PROBLEM TO SOLVE → From the line with "Valencia-Buildings-City-of-Arts-Sciences-1.jpg" to the line with "Los YouTubers que", retype each line exactly as it stands in the records below, but skip the pictures.

DATA SECTION →
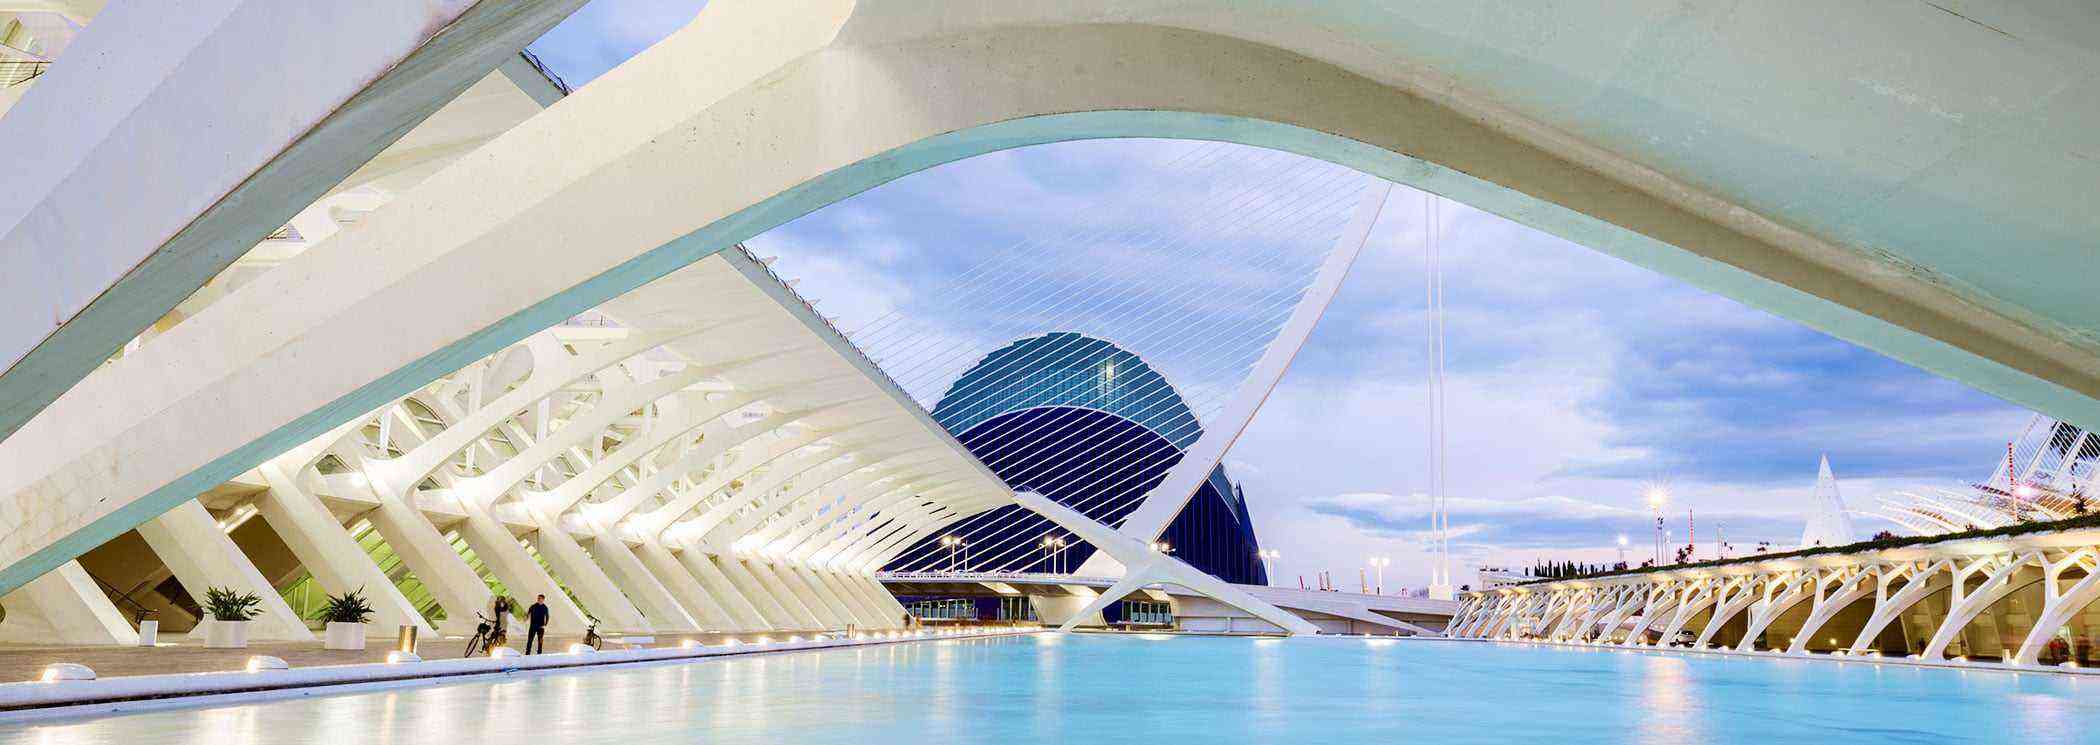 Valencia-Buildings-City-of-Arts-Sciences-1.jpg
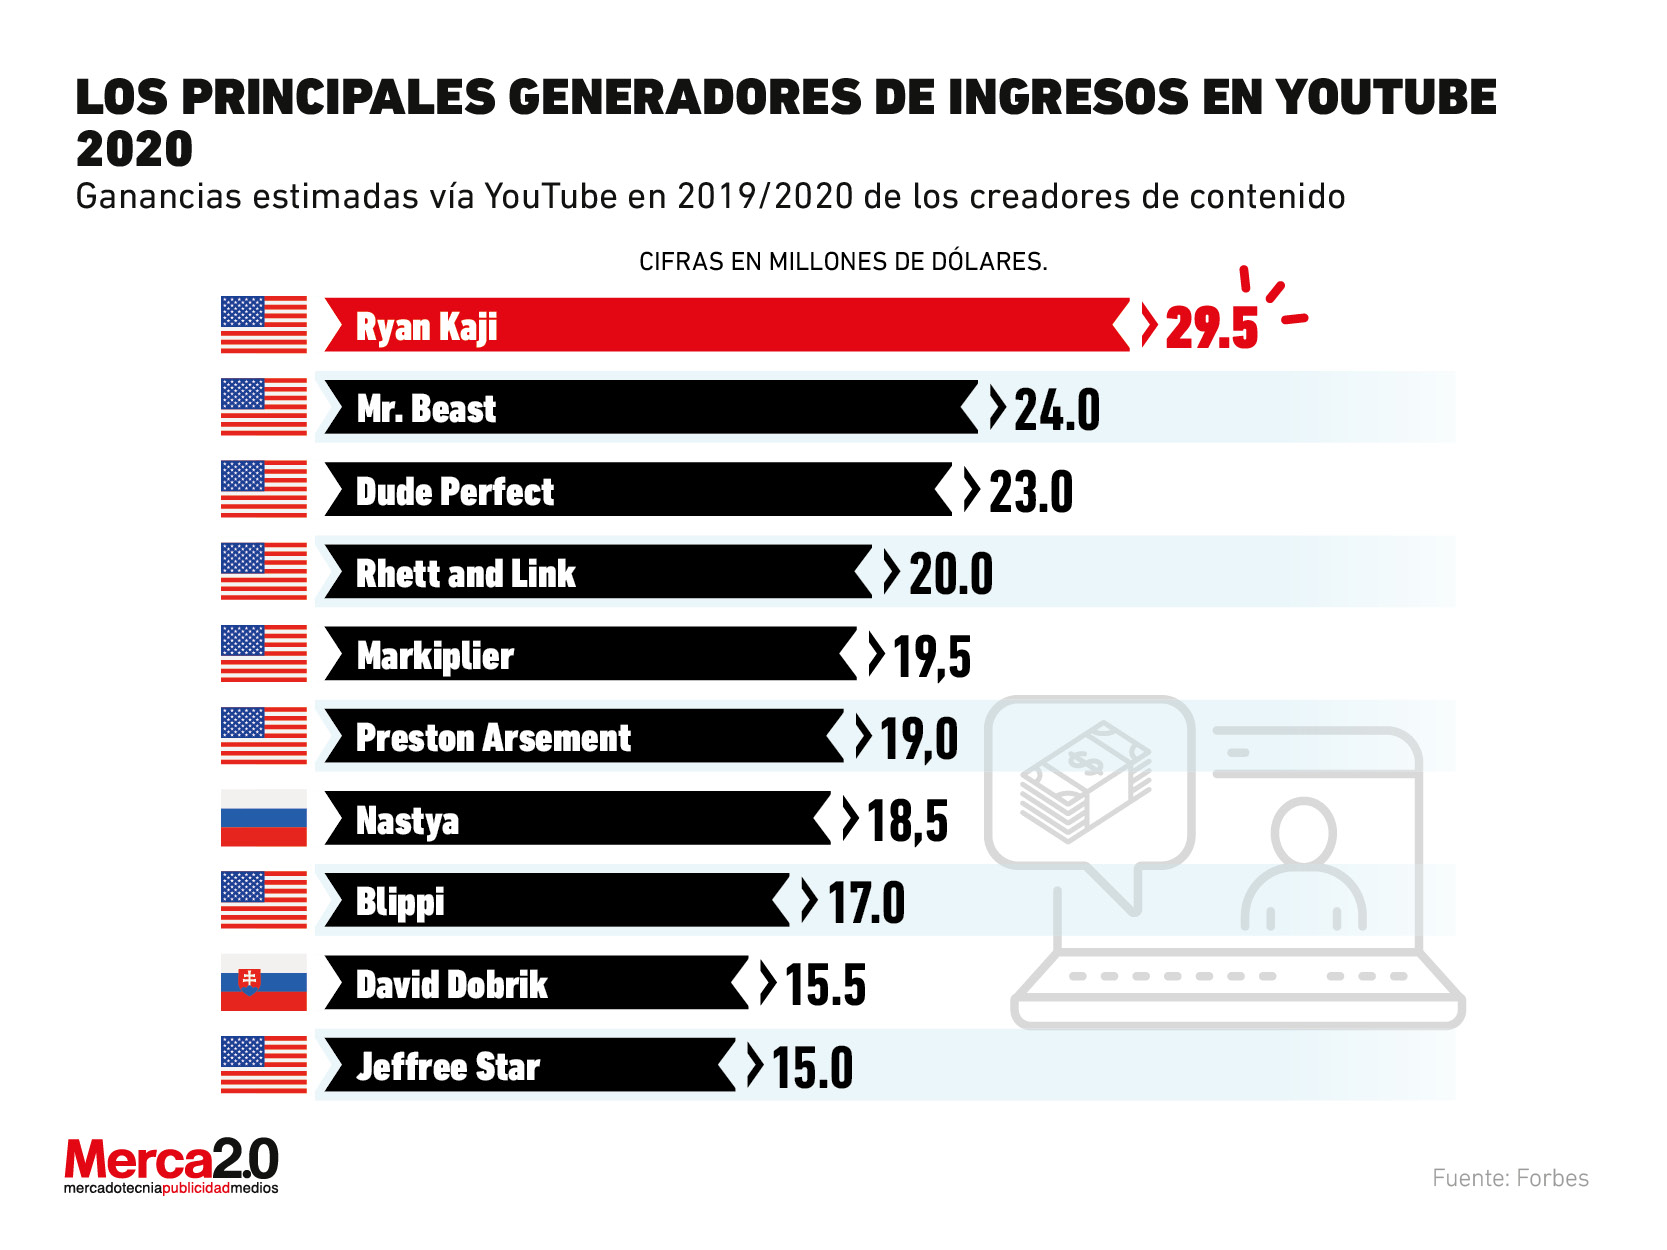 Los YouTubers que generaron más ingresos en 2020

* * *

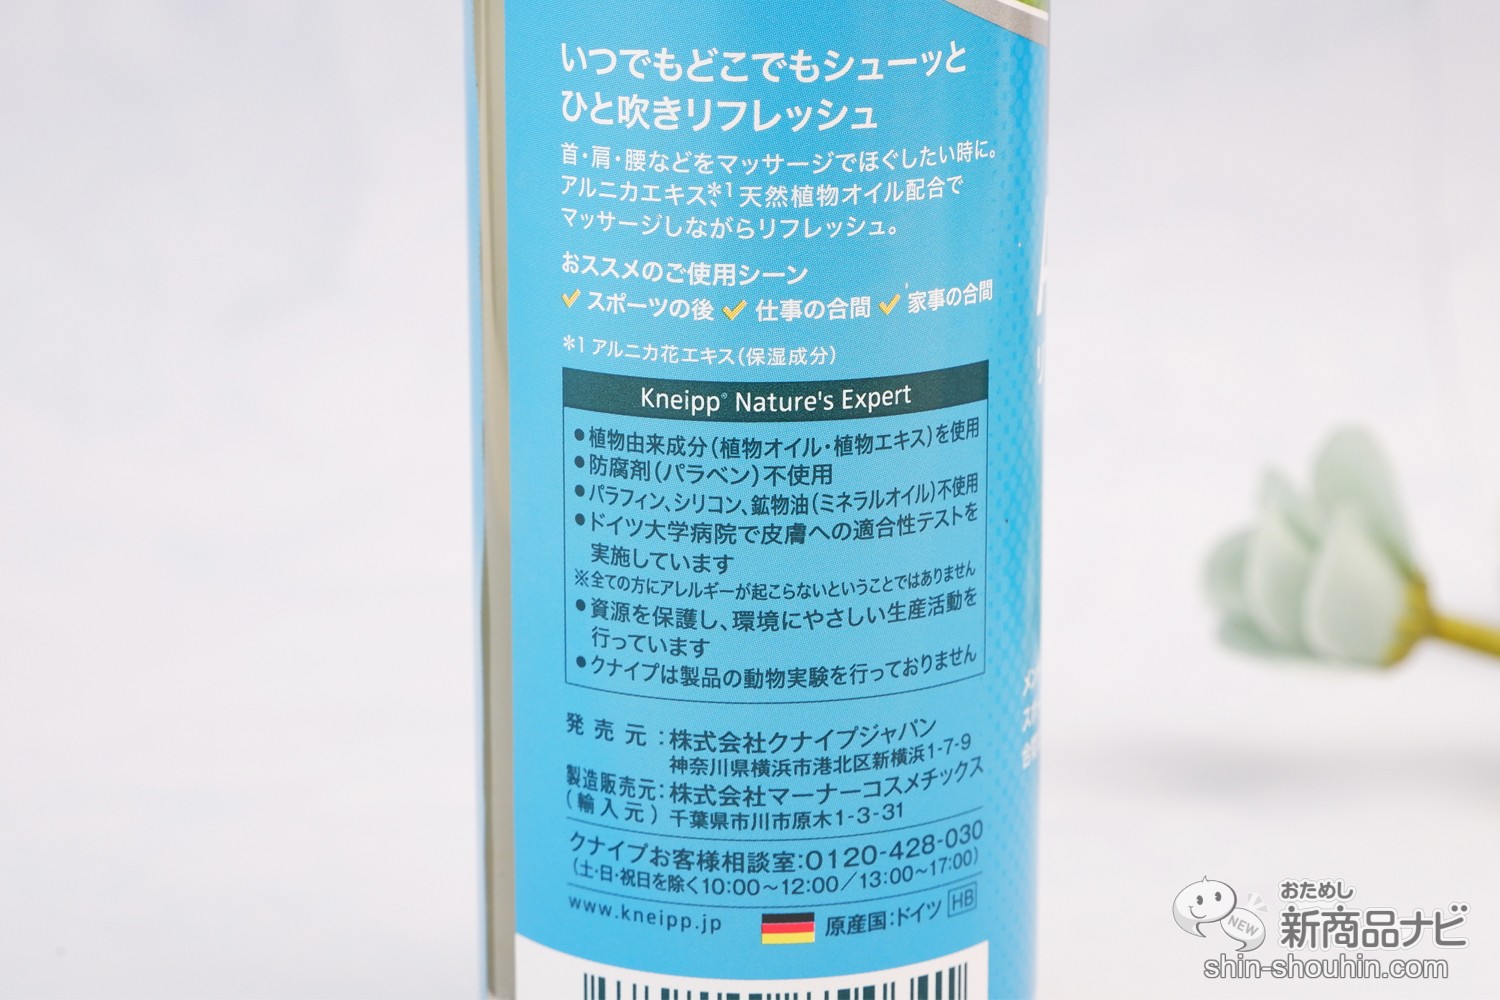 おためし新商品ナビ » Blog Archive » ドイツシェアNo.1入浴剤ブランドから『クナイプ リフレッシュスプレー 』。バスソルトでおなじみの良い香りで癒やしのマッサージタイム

ANSWER SPACE →
 Valencia-Buildings-City-of-Arts-Sciences-1.jpg
 Los YouTubers que generaron más ingresos en 2020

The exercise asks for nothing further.